Does not 0-terminate the string in some cases
(so the attempt to iterate over the string would cause
a buffer overflow).
while( *p++ = toupper((char unsigned)*p) );

Undefined behaviour. What if 'p' is incremented before
being evaluated for dereferencign to pass to 'toupper' ?
return (void)assert_dummy, retval;
Huh?

}
You cannot assert that the code is stupid unless you know the details of the
project.

I, for one, would not hesitate to call this function stupid.
 
R

Richard Heathfield

Old Wolf said:
Do people really ignore the warning "use of uninitialized variable",
when trying to debug a piece of code that produces that warning
and is behaving strangely?

I'm sorry, but yes, they do. I'm astounded at the warnings people are
prepared to ignore. I've even seen people try to ignore syntax errors.
It can be a slow process, when working on an embedded device
where writing to low-numbered addresses causes the thing to crap
itself and take you several minutes to reload everything... (recall
my *dest++ = *src++ bug)

I don't see how writing to random addresses would help you speed things up!
But this is Yet Another Advantage of writing portable code - you can catch
such silly bugs on a desktop platform, and only move code to the bitty-box
when you know it stands a fighting chance of being right.
 
R

Richard Heathfield

Old Wolf said:
Frederick Gotham wrote:


Is this supposed to be an improvement on:
assert(arg);

Well, it's obviously a lousy idea, but yes, there's an improvement in
there...
? And what is the '!!' doing?

Making the assertion arg an integer expression rather than a pointer
expression, and thus keeping the behaviour well-defined in C90.

I, for one, would not hesitate to call this function stupid.

Nevertheless (and whether by accident or design), it taught you something
about assert(). :)
 
F

Frederick Gotham

Old Wolf posted:
Worst analogy of the week.

Why would you possibly care which variables a function uses,
unless you are coding to tight stack requirements?

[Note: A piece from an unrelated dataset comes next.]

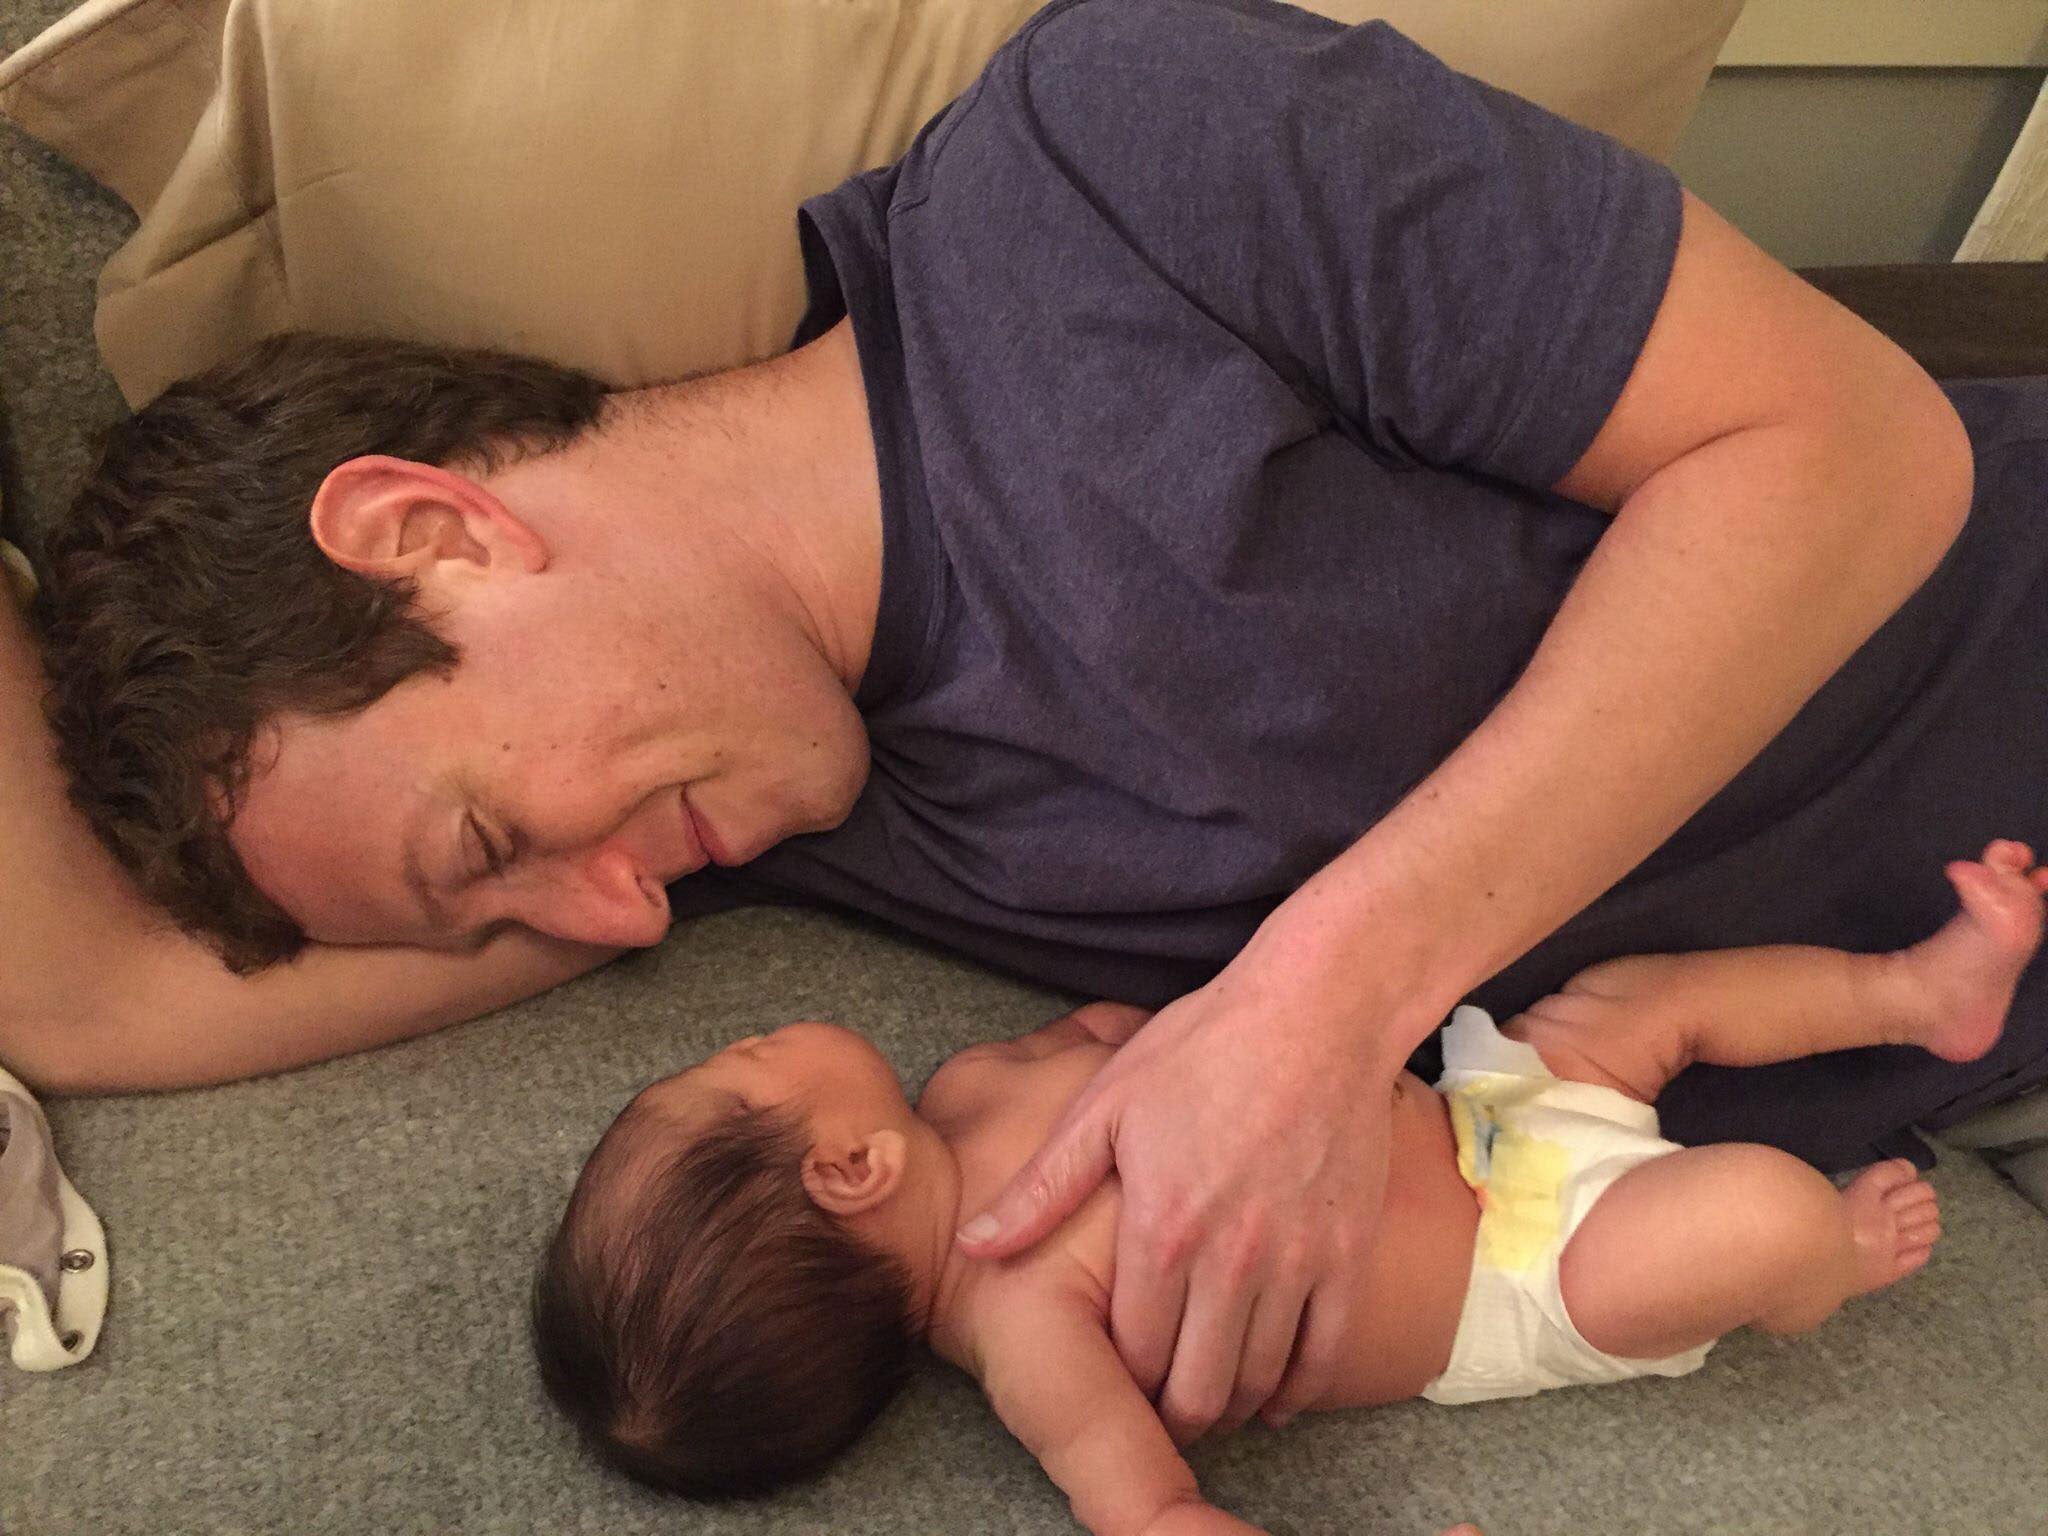 Mark Zuckerberg shared a photo of himself with his baby daughter on Facebook

Further, why would you try and deduce a function's activities by
reading its list of variables? Surely it would be better to read the
comments, or observe the code structure.


While we're talking about literature... would you prefer if each character
was described on the first page of the first chapter, or would you prefer if
each consecutive character were introduced to the reader as the plot
develops?
 
F

Frederick Gotham

Old Wolf posted:
Is this supposed to be an improvement on:
assert(arg);


You can't mix statements and declarations in C (within a block).

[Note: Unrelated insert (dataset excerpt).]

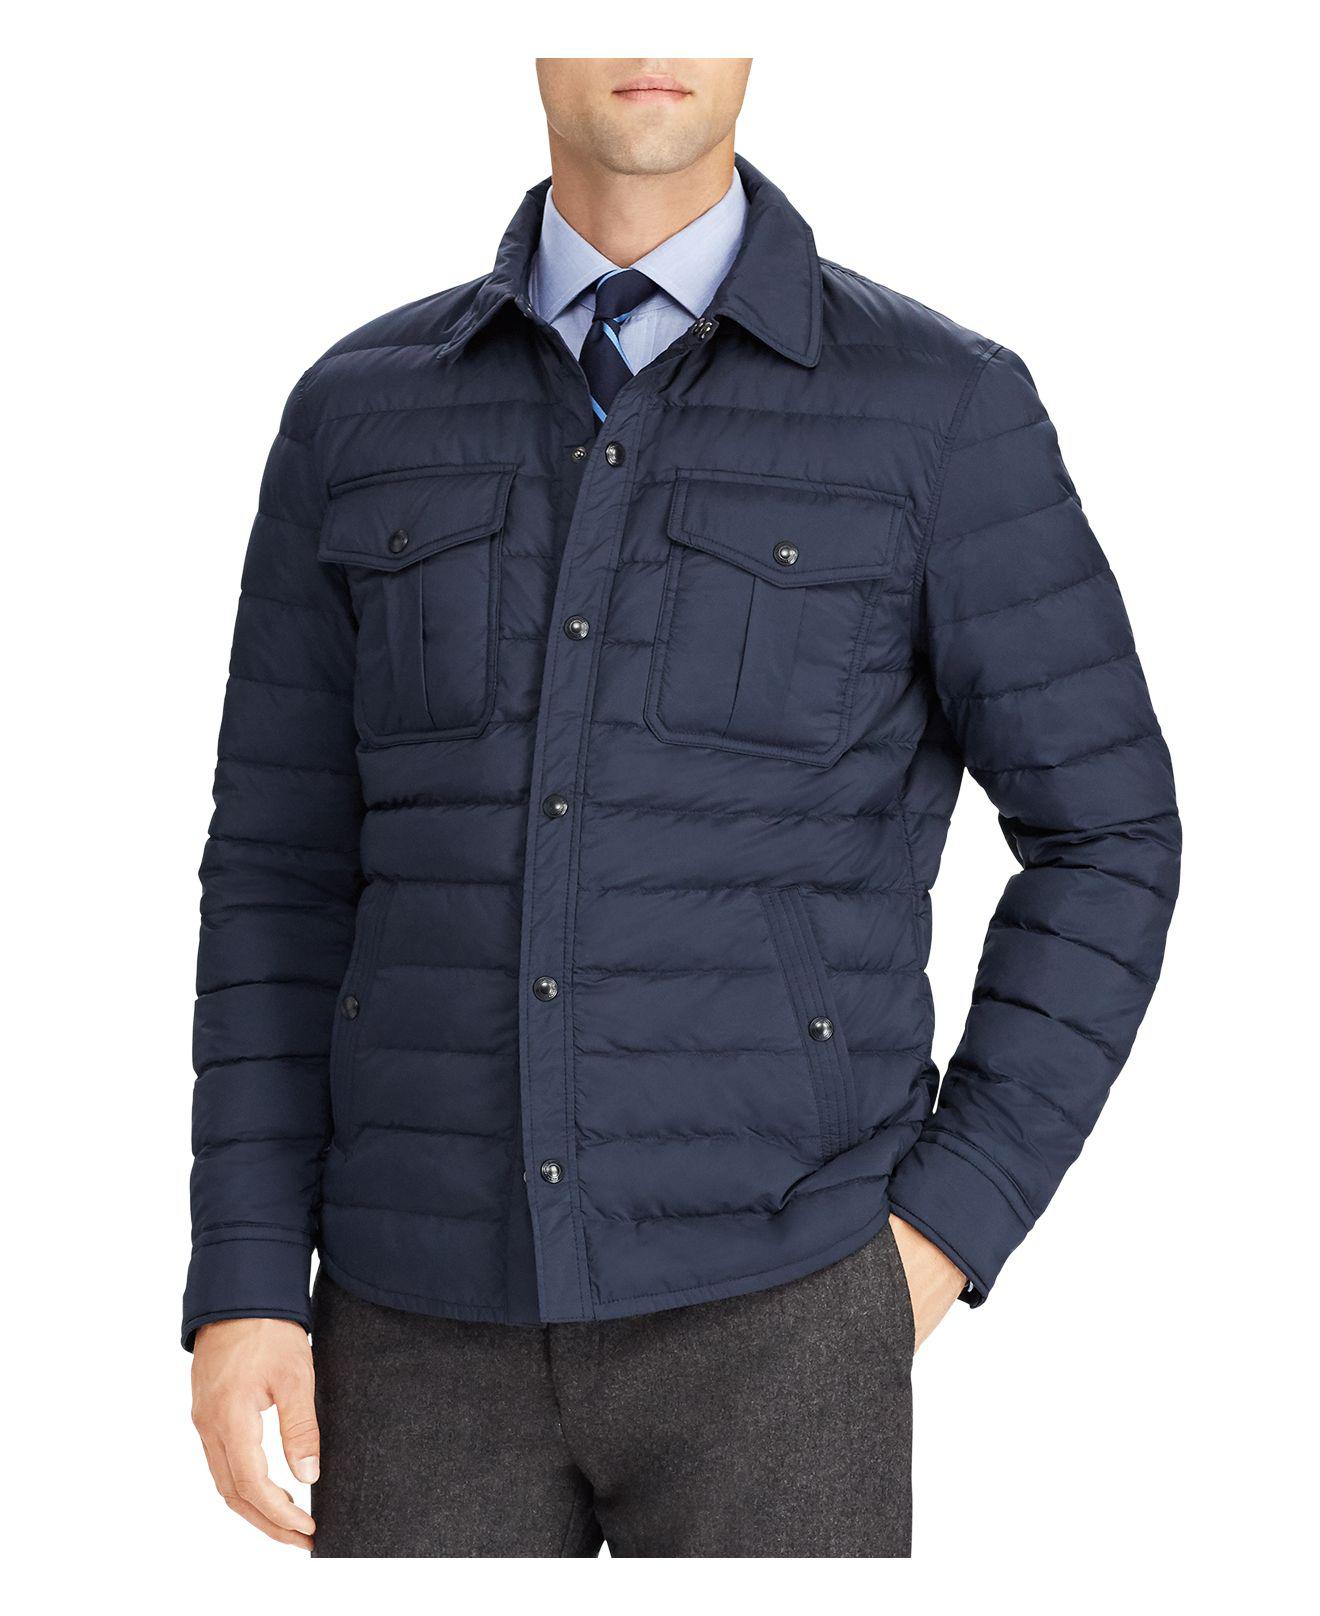 Lyst - Polo Ralph Lauren Quilted Down Shirt Jacket in Blue for Men

? And what is the '!!' doing?


The argument to "assert" must be of the type, int.

Does not 0-terminate the string in some cases
(so the attempt to iterate over the string would cause
a buffer overflow).


I'll have to read up on that function.

Undefined behaviour. What if 'p' is incremented before
being evaluated for dereferencign to pass to 'toupper' ?


Are you sure that a sequence point has been violated?



The cast-to-void is intended to suppress a compiler warning regarding non-
usage of a variable.
 
F

Frederick Gotham

Old Wolf posted:
If the pointer is subsequently reassigned-to, or not used again before
its lifetime ends, then setting to NULL will be optimised out.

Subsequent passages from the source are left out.